◆ Exercise objective ◆
Take from the entries below the stretch from the line with "Millard West's Max" through the line with "Innocent alarm Validation", and return it exactly, leaving the pictures out.

◆ Input ◆
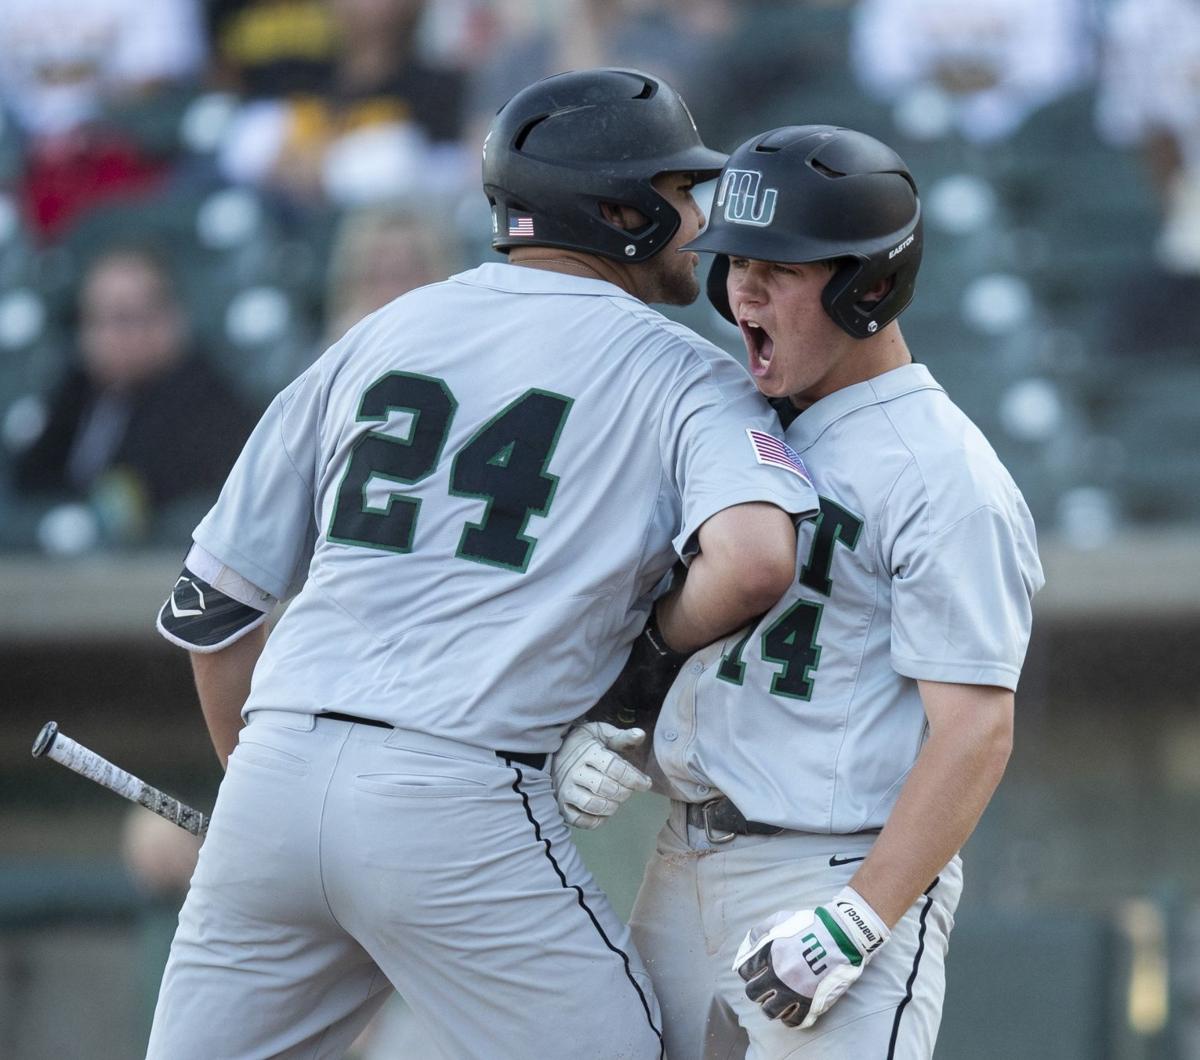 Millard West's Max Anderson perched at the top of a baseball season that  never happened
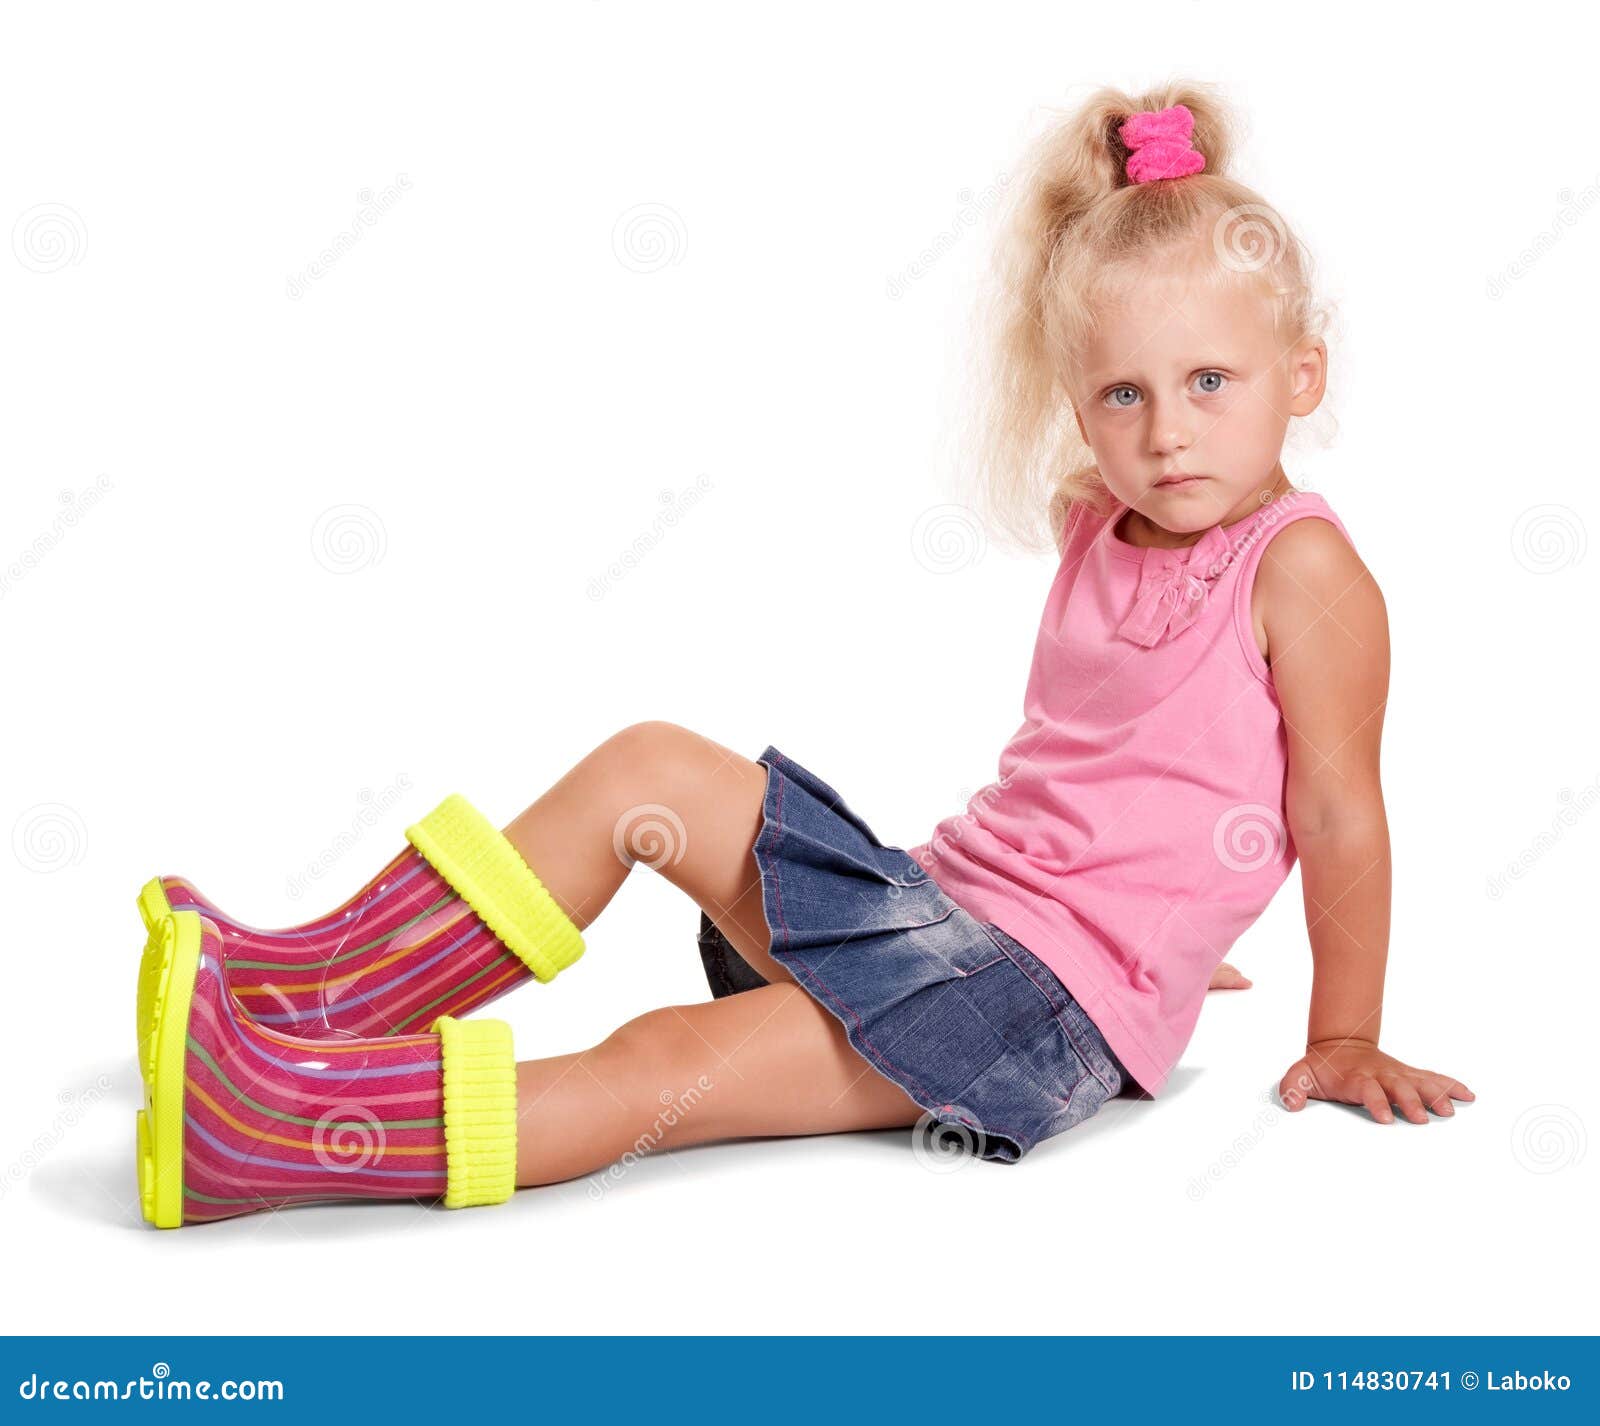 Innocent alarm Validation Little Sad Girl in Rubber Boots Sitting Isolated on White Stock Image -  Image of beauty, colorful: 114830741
...
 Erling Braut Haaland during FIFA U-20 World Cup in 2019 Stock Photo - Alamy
* * *
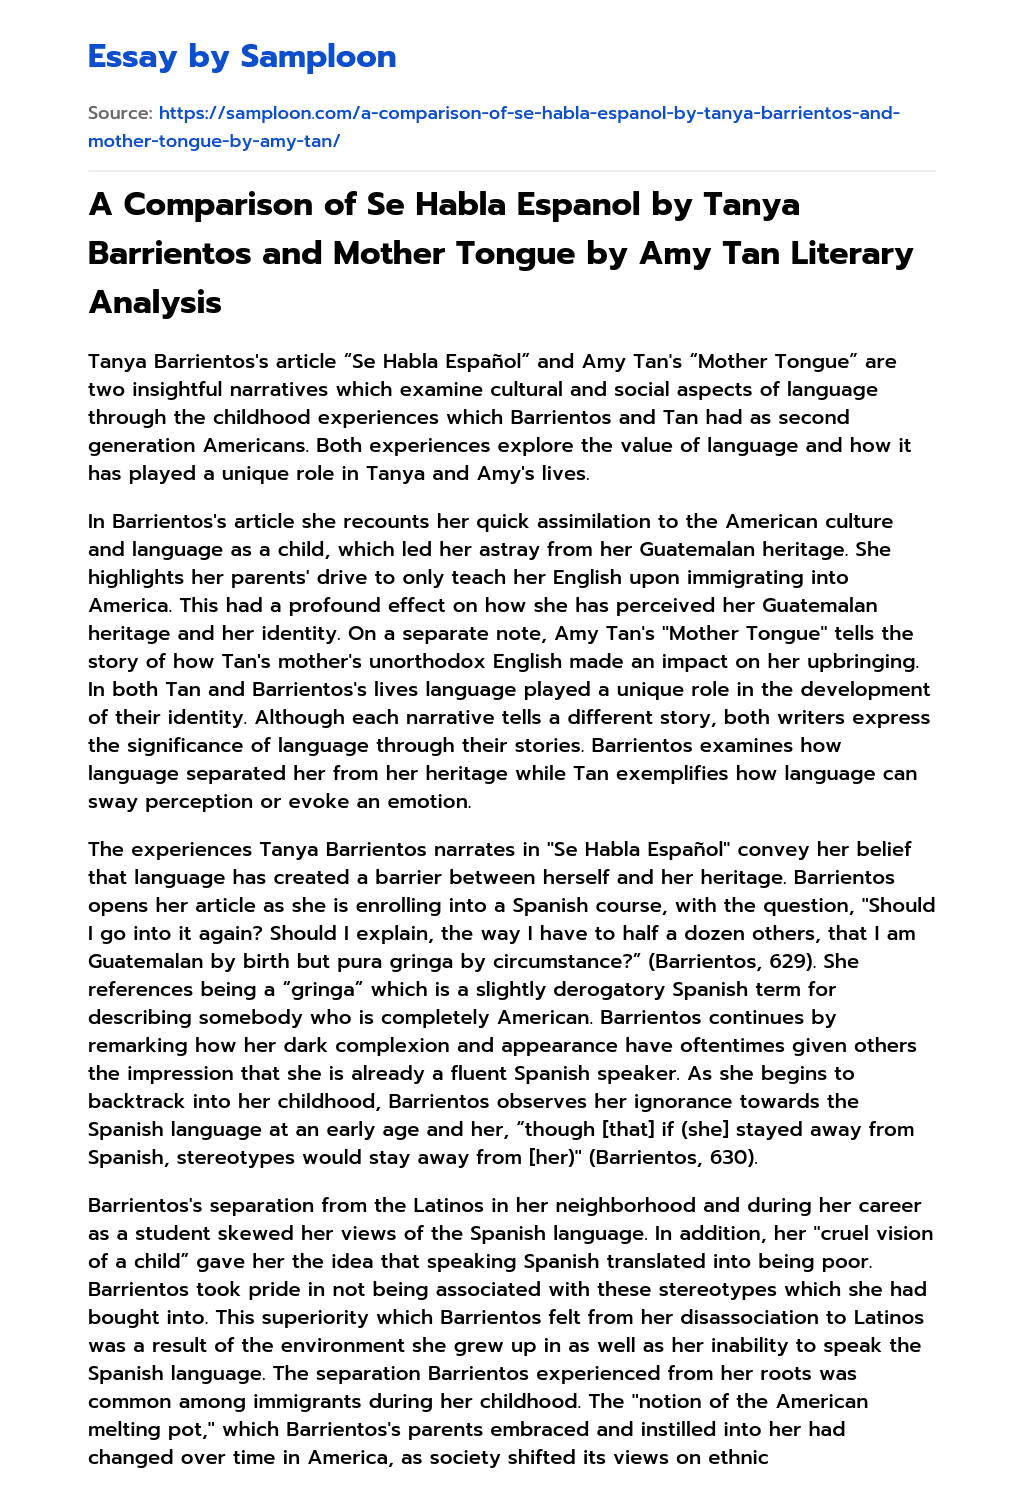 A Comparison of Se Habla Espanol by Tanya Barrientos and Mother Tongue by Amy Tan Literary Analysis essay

◆ Solution for this task ◆
 Millard West's Max Anderson perched at the top of a baseball season that  never happened
 Innocent alarm Validation Little Sad Girl in Rubber Boots Sitting Isolated on White Stock Image -  Image of beauty, colorful: 114830741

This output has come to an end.